AWS Lambda Go Programming Model

You write code for your Lambda function in one of the languages AWS Lambda supports. Regardless of the language you choose, there is a common pattern to writing code for a Lambda function that includes the following core concepts:

  • Handler – Handler is the function AWS Lambda calls to start execution of your Lambda function. Your handler should process incoming event data and may invoke any other functions/methods in your code.

  • The context object – AWS Lambda also passes a context object to the handler function, which lets you retrieve metadata such as the execution time remaining before AWS Lambda terminates your Lambda function.

  • Logging – Your Lambda function can contain logging statements. AWS Lambda writes these logs to CloudWatch Logs.

  • Exceptions – There are different ways to end a request successfully or to notify AWS Lambda an error occurred during execution. If you invoke the function synchronously, then AWS Lambda forwards the result back to the client.

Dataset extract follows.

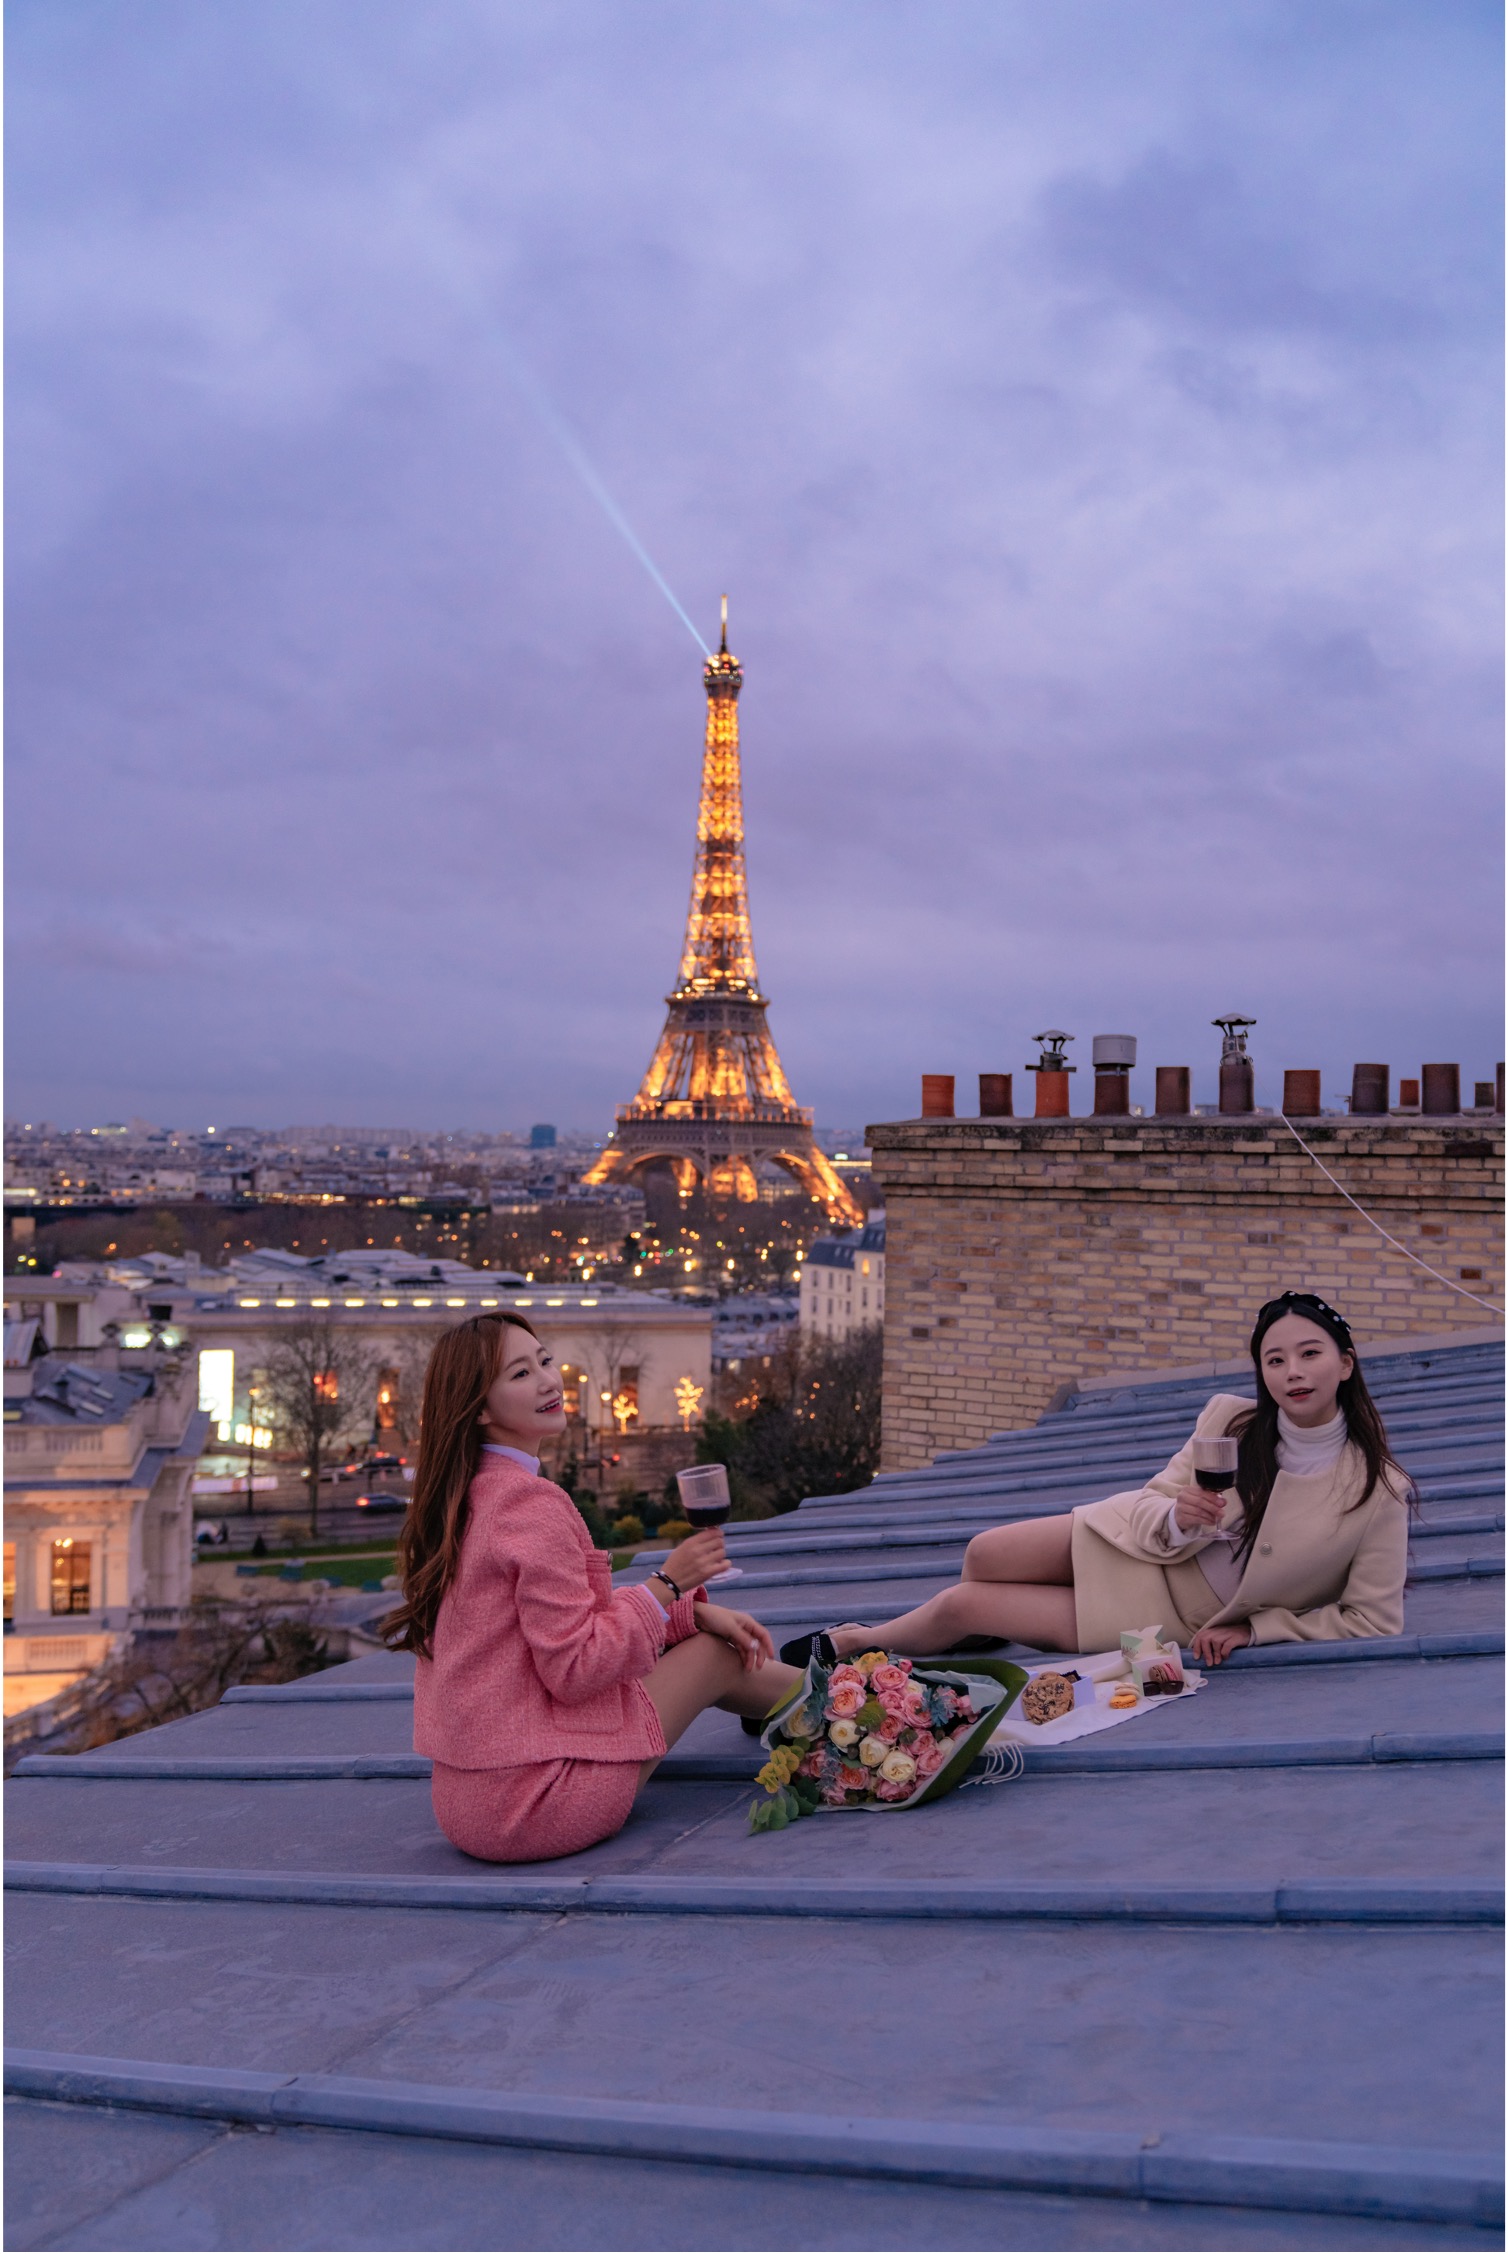 에펠탑 전망 인물 사진

Your Lambda function code must be written in a stateless style, and have no affinity with the underlying compute infrastructure. Your code should expect local file system access, child processes, and similar artifacts to be limited to the lifetime of the request.
Persistent state should be stored in Amazon S3, Amazon DynamoDB, or another cloud storage service.

Go Lambda Function

Your Go programs are compiled into a statically-linked binary, bundled up into a Lambda deployment package, and uploaded to AWS Lambda.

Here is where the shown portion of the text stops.